==== Collected material

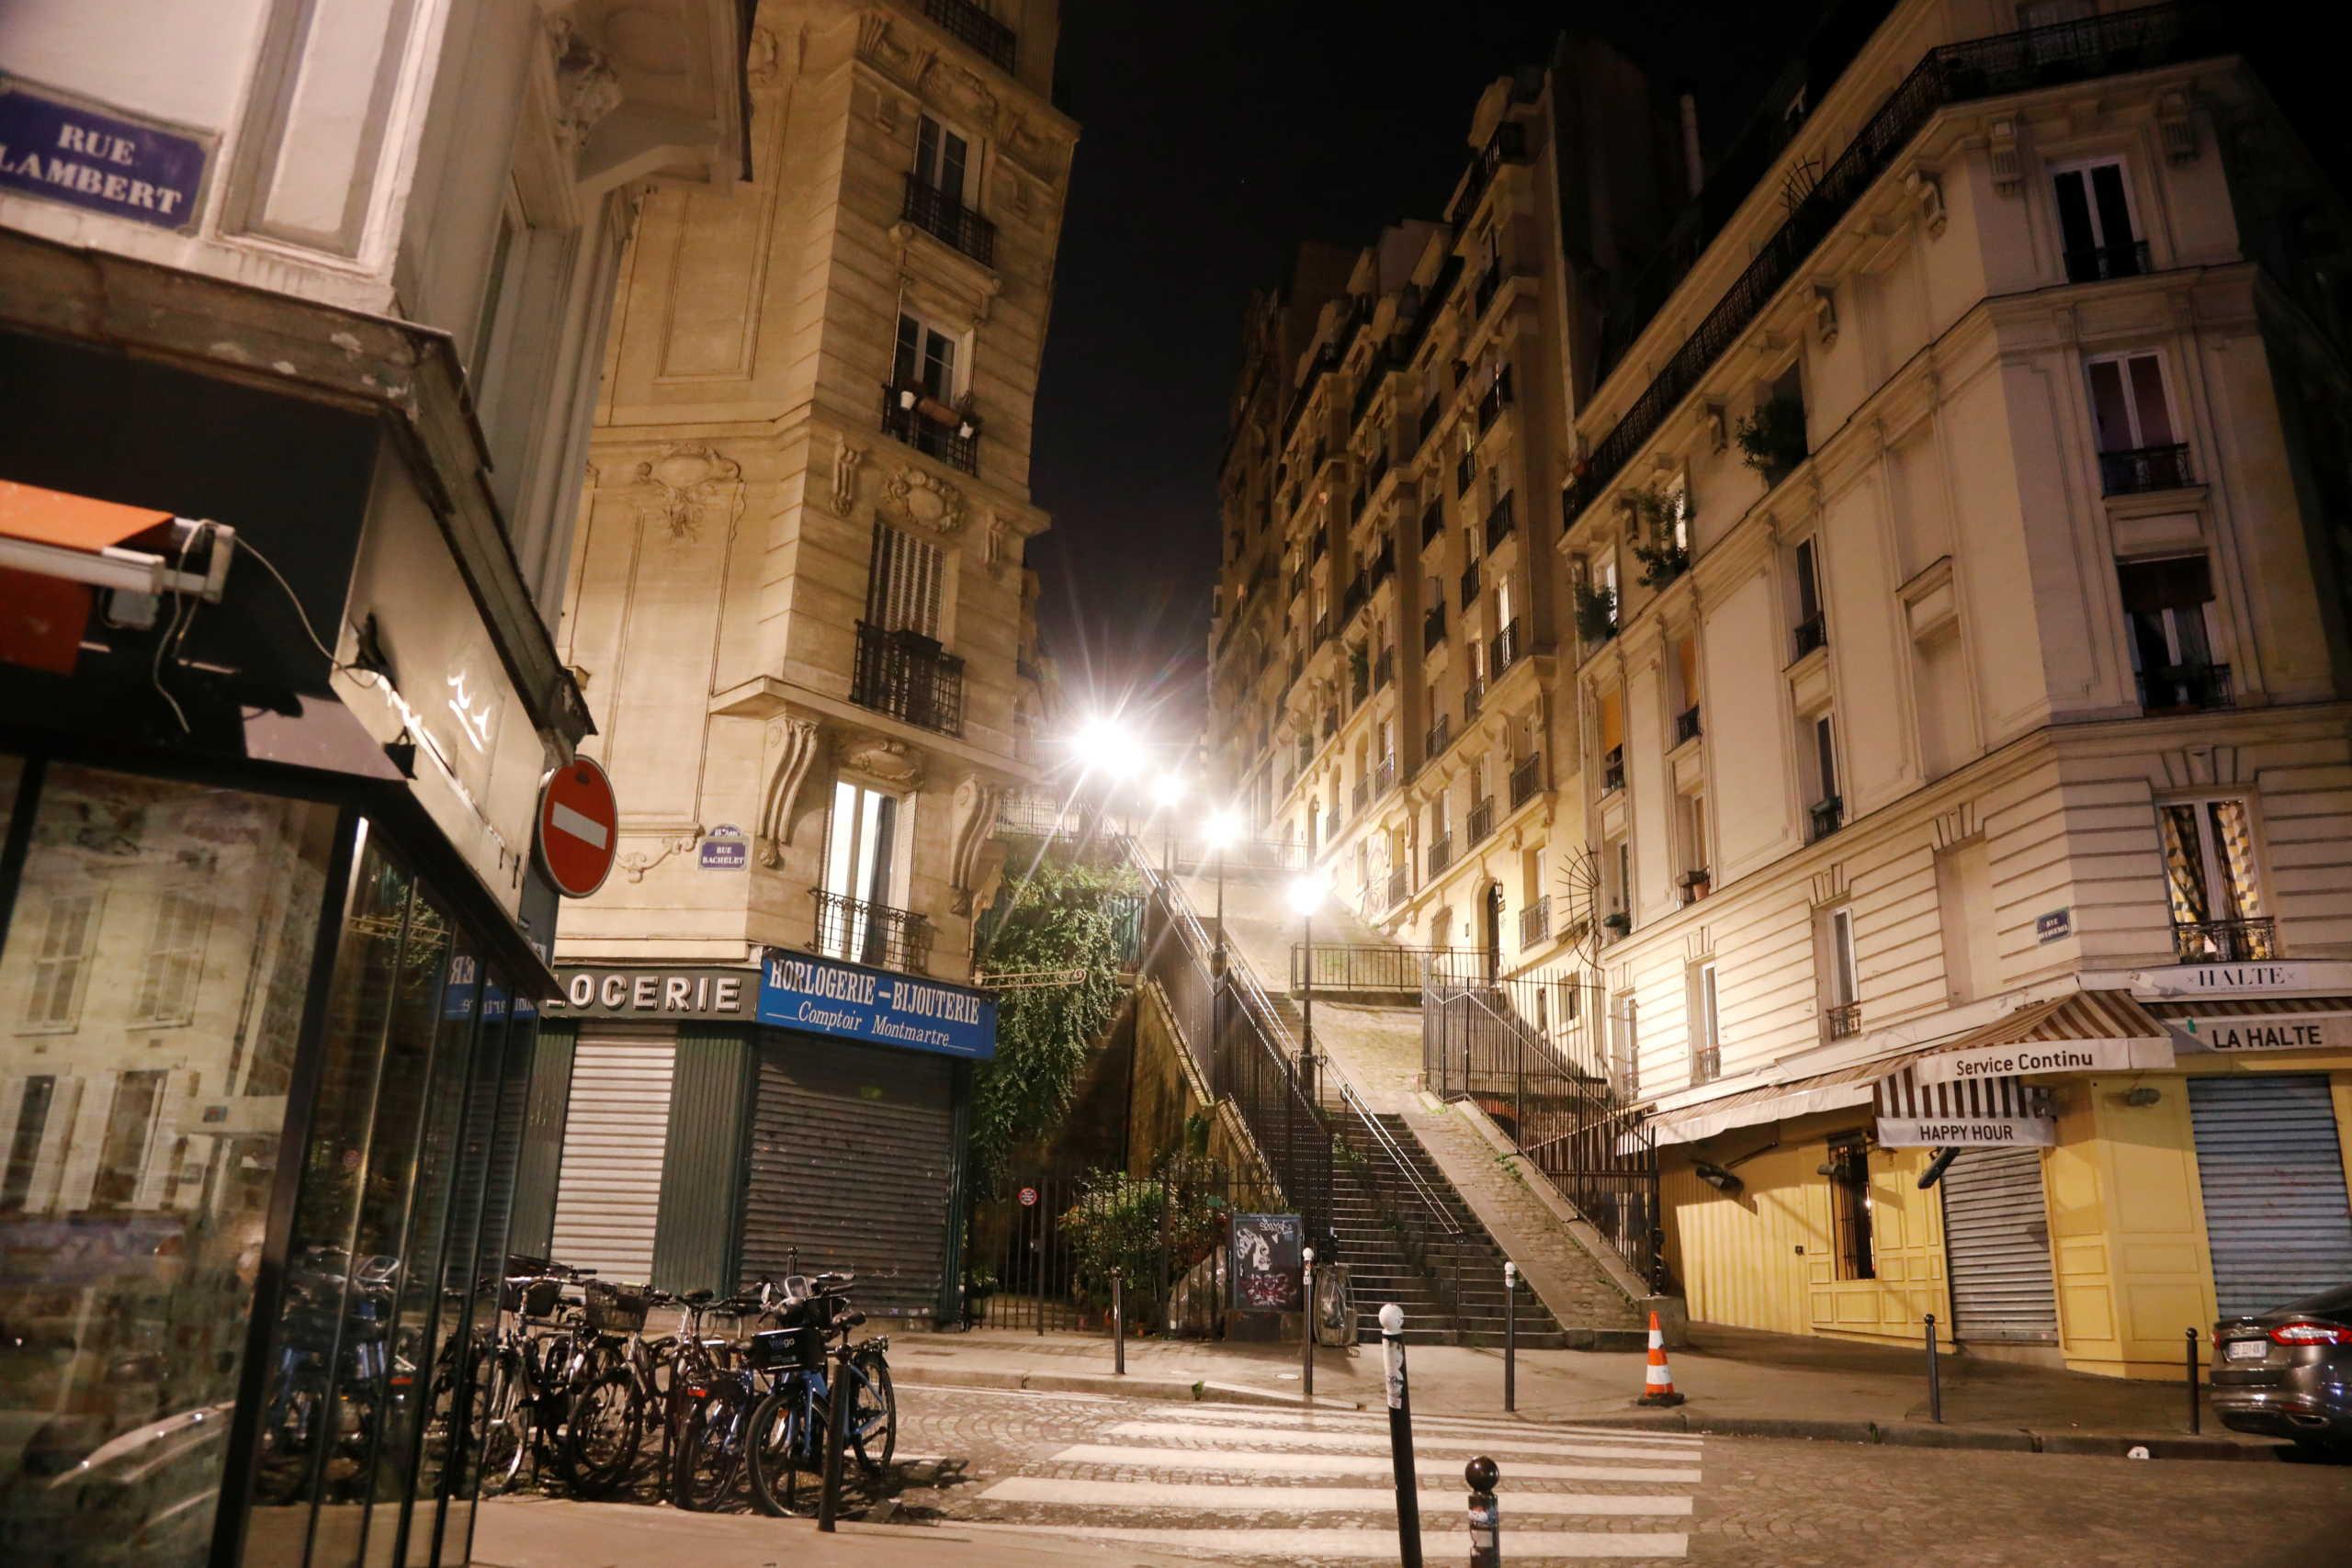 άδειοι δρόμοι λόγω κορονοϊού στη Μονμάρτη στο Παρίσι
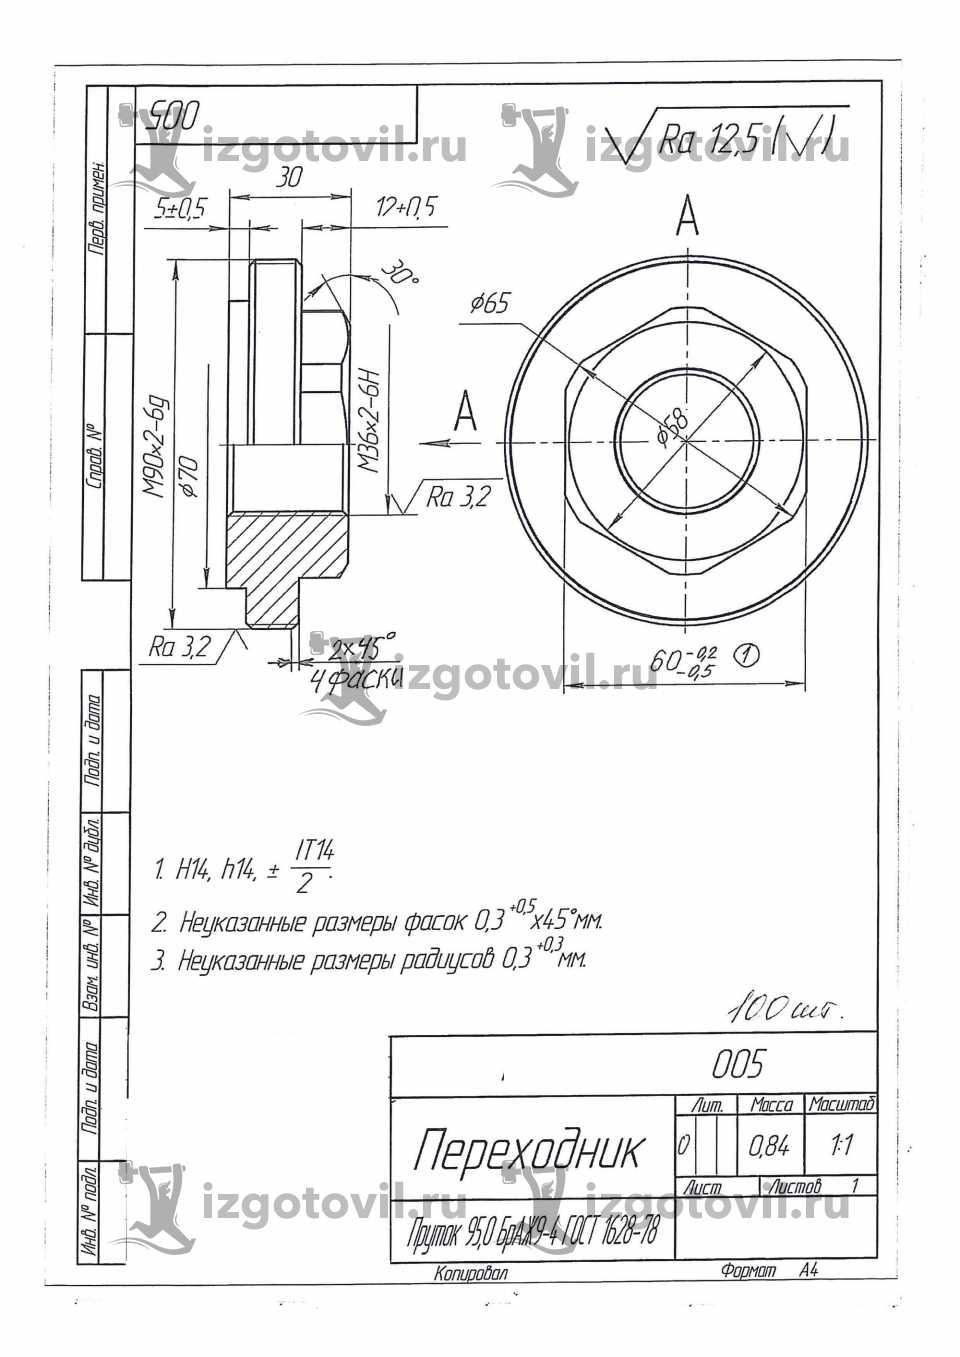 Токарно-фрезерная обработка - переходник
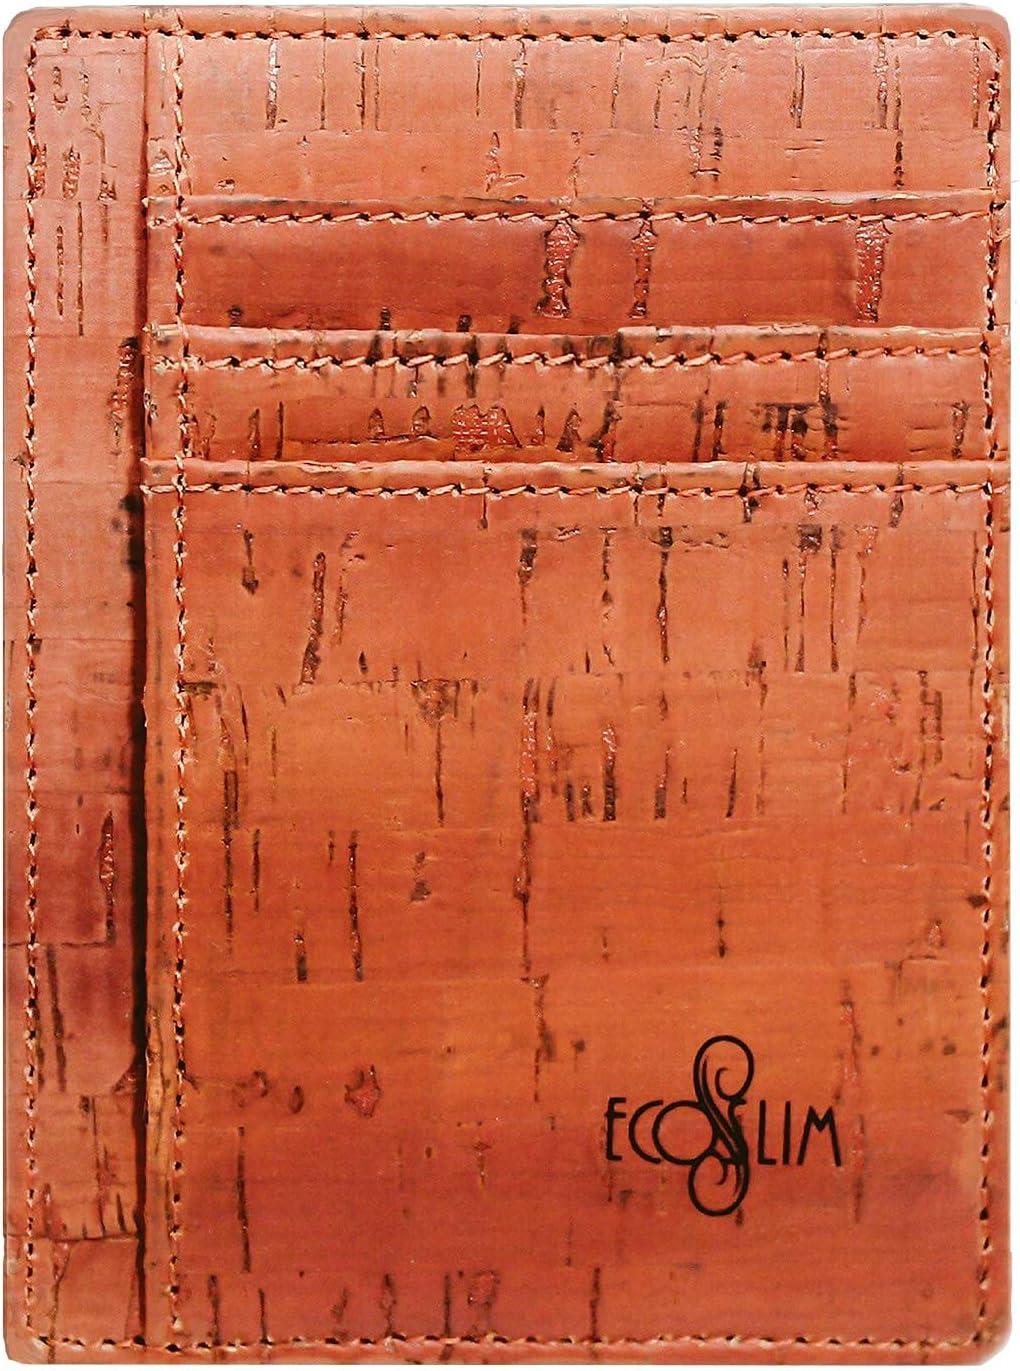 Eco Slim Wallet Minimalist Front Pocket Wallet RFID Credit Card Holder Cork

========

▶ [What is expected] Only the text of the listing above is wanted, transcribed exactly, without its images.

▶ [Response to this exercise]
 άδειοι δρόμοι λόγω κορονοϊού στη Μονμάρτη στο Παρίσι
 Токарно-фрезерная обработка - переходник
 Eco Slim Wallet Minimalist Front Pocket Wallet RFID Credit Card Holder Cork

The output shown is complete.